Return the data below unchanged, without images.

__Recorded information__:
== Segment start ==
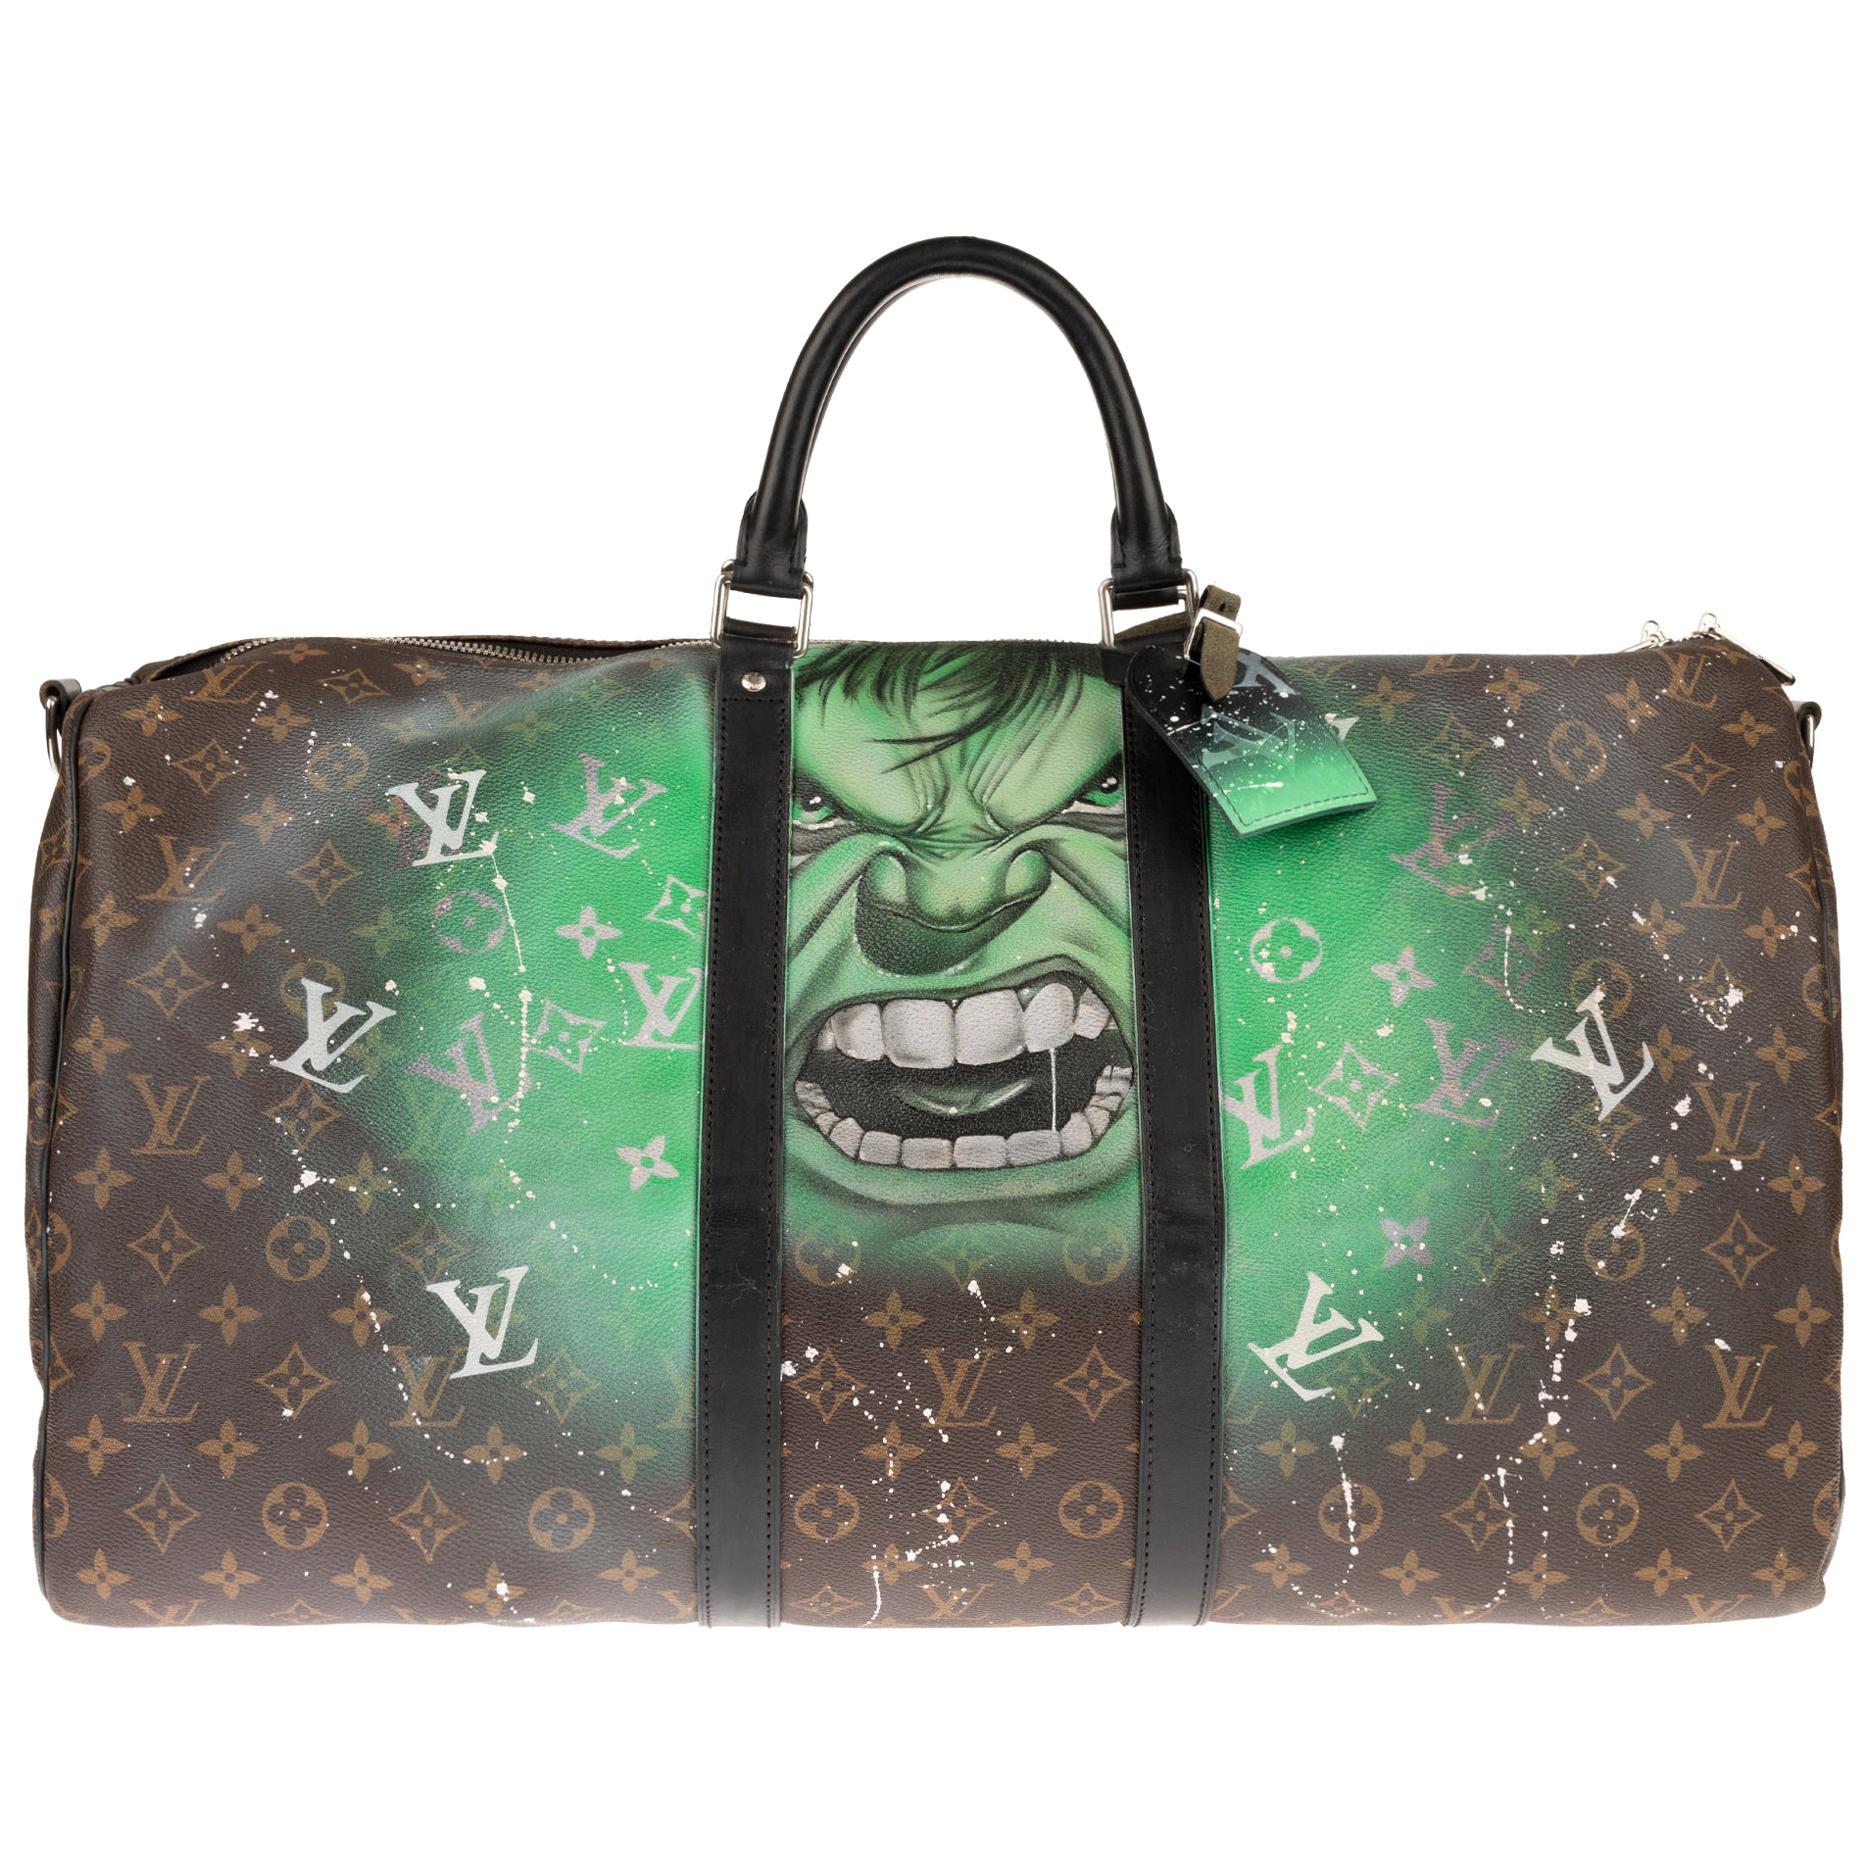 Travel/Sport Louis Vuitton Keepall 55 bag in Monogram Canvas customized !
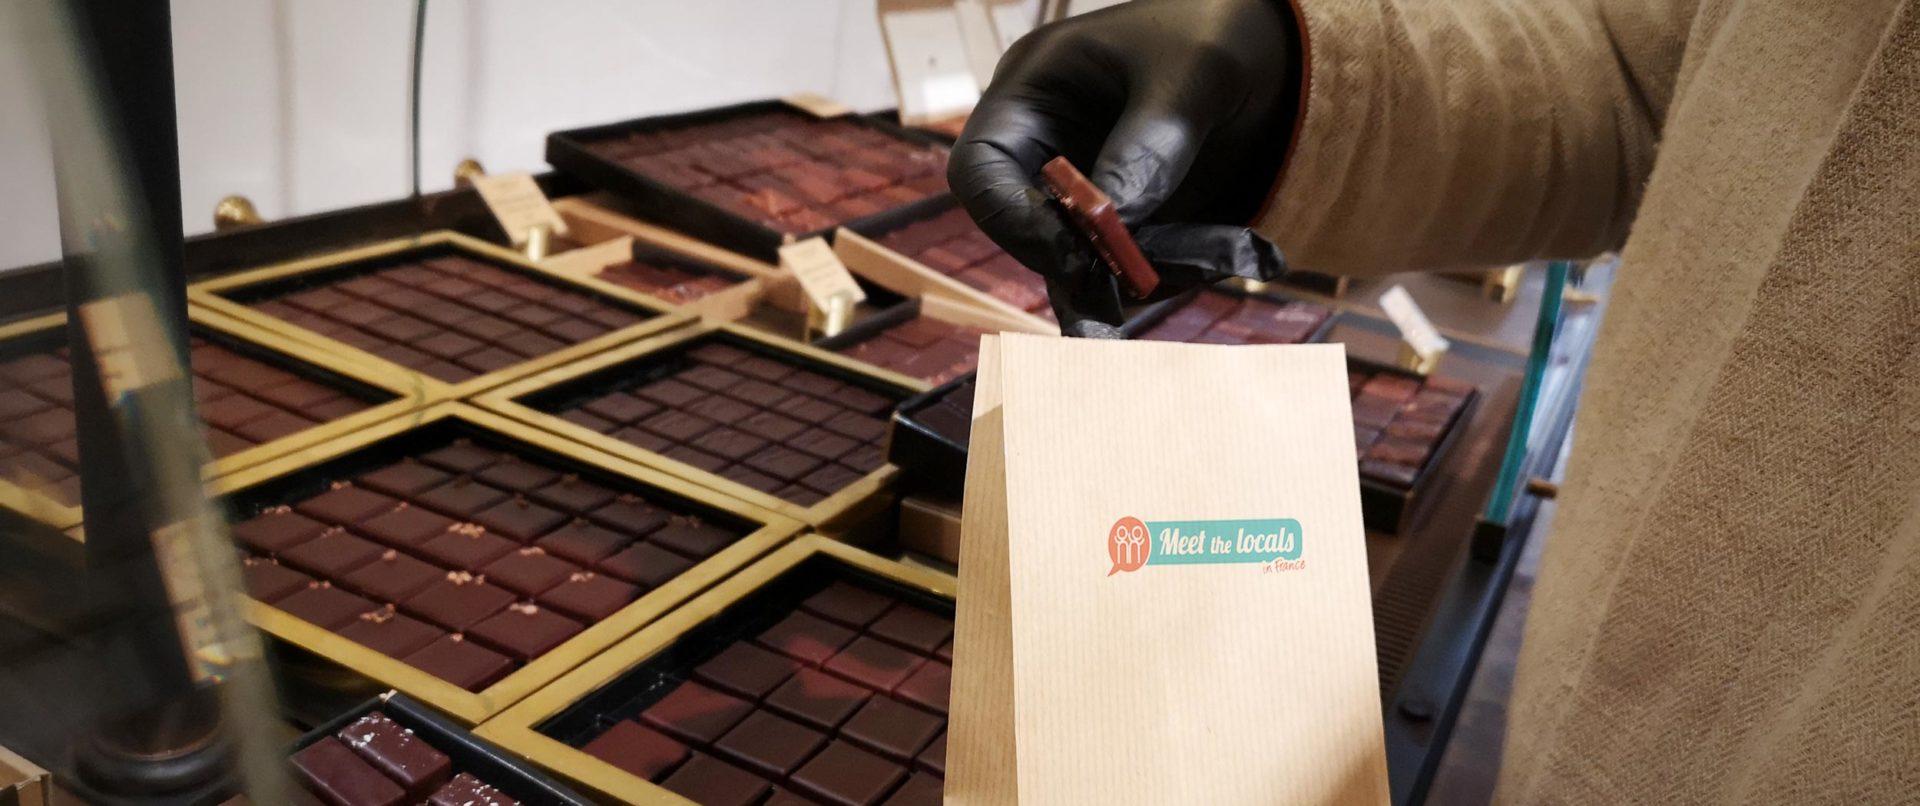 family-walking-tour-paris-chocolate
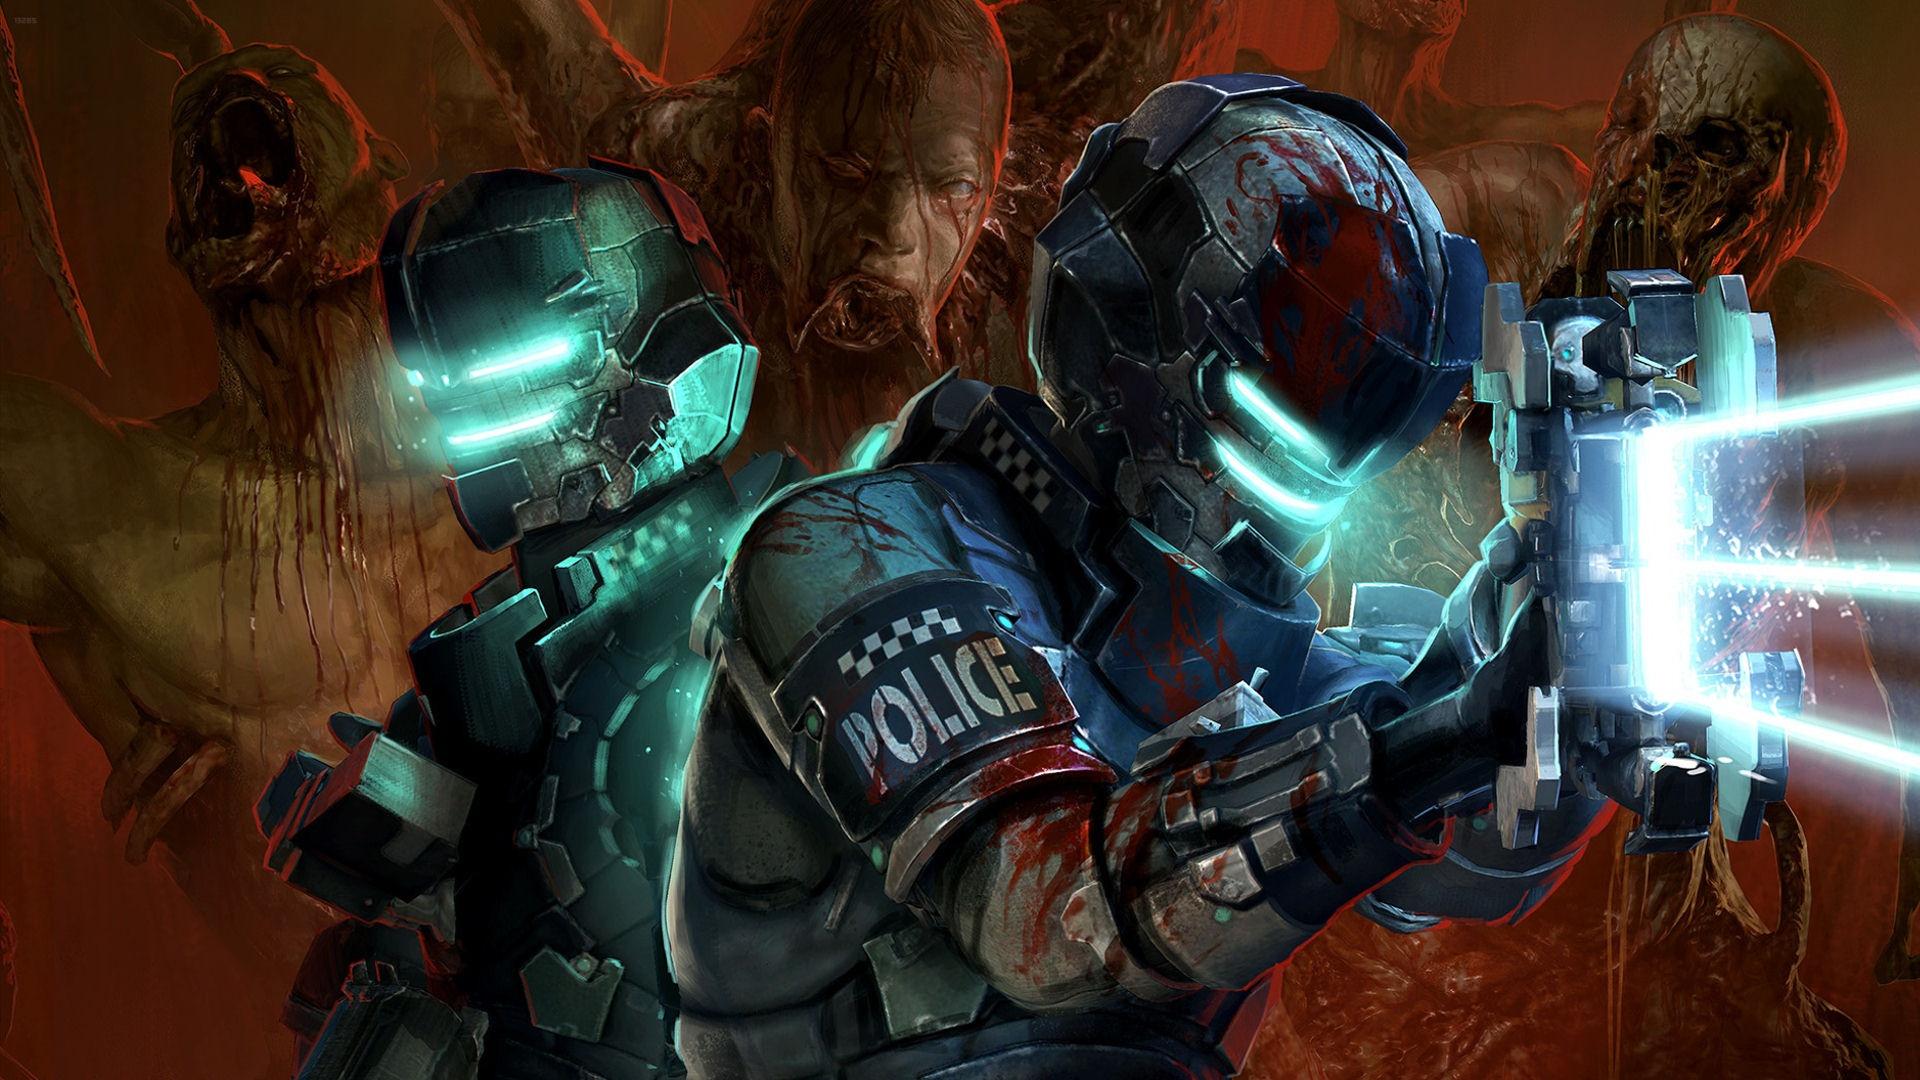 Isaac Clarke Dead Space 2 1093404 Hd Wallpaper Backgrounds
== Segment end ==
__Answer to the exercise__:
 Travel/Sport Louis Vuitton Keepall 55 bag in Monogram Canvas customized !
 family-walking-tour-paris-chocolate
 Isaac Clarke Dead Space 2 1093404 Hd Wallpaper Backgrounds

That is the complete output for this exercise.